Question

Let f(x) be the function with f(0)= 1/π². What is the nth degree Taylor approximation, denoted as Tₙ(x) for f(x) centered at a=0? a) Tₙ(x) = 1/π²

b) Tₙ(x) = 1 + x/π²

c) Tₙ(x) = 1 - x²/π⁴

d) Tₙ(x) = 1/π² + x/π²

Answer 1

The correct answer is option a.

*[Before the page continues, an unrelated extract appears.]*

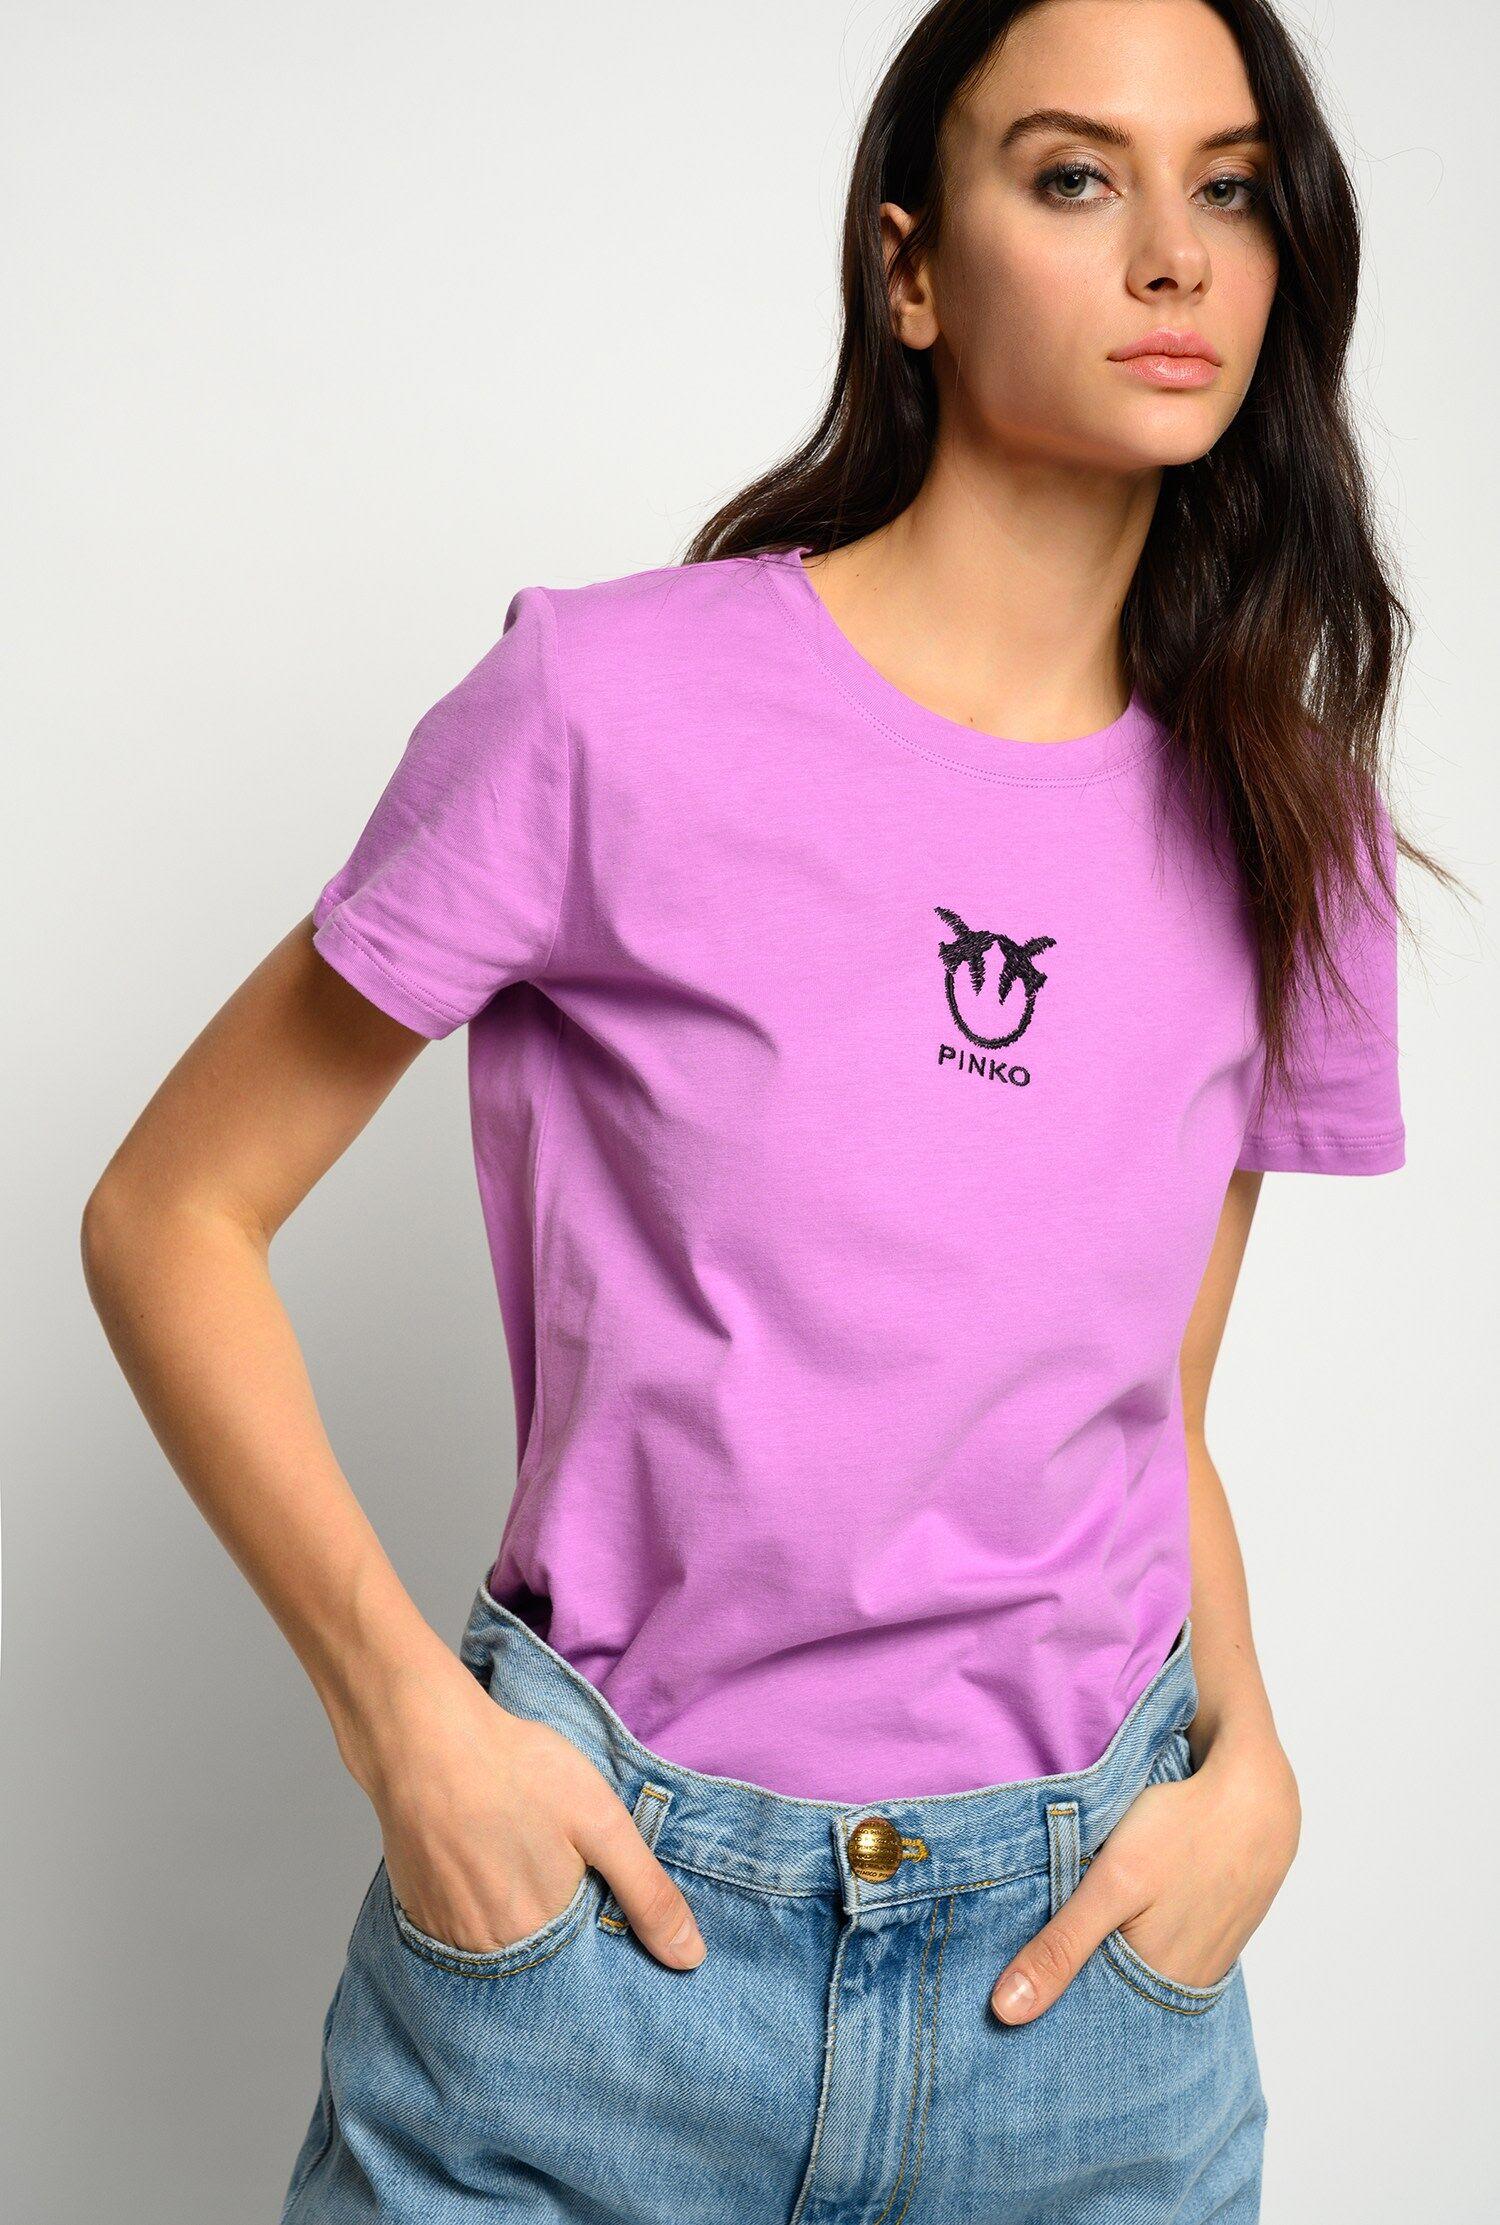 T Shirt Logo Love Birds - Pinko

The nth degree Taylor approximation for f(x), centered at a=0, is Tₙ(x) = 1/π², considering we only know the value of f at 0 and not its derivatives.

Step-by-step explanation:

The Taylor series approximation of a function f(x) around a point a is given by the formula:

f(x) = f(a) + f'(a)(x - a) + \frac{f''(a)}{2!}(x - a)^2 + \frac{f'''(a)}{3!}(x - a)^3 + \ldots

Since the only information given about f(x) is the value of f at 0, which is f(0) = 1/\pi^2, and since no information about the derivatives of f at 0 was provided, the best we can say is that the nth degree Taylor approximation, Tn(x), for f(x) centered at a=0, is the constant term which is the value of f at 0. Hence:

Tn(x) = 1/\pi^2

Therefore, the correct option is a) Tn(x) = 1/\pi^2.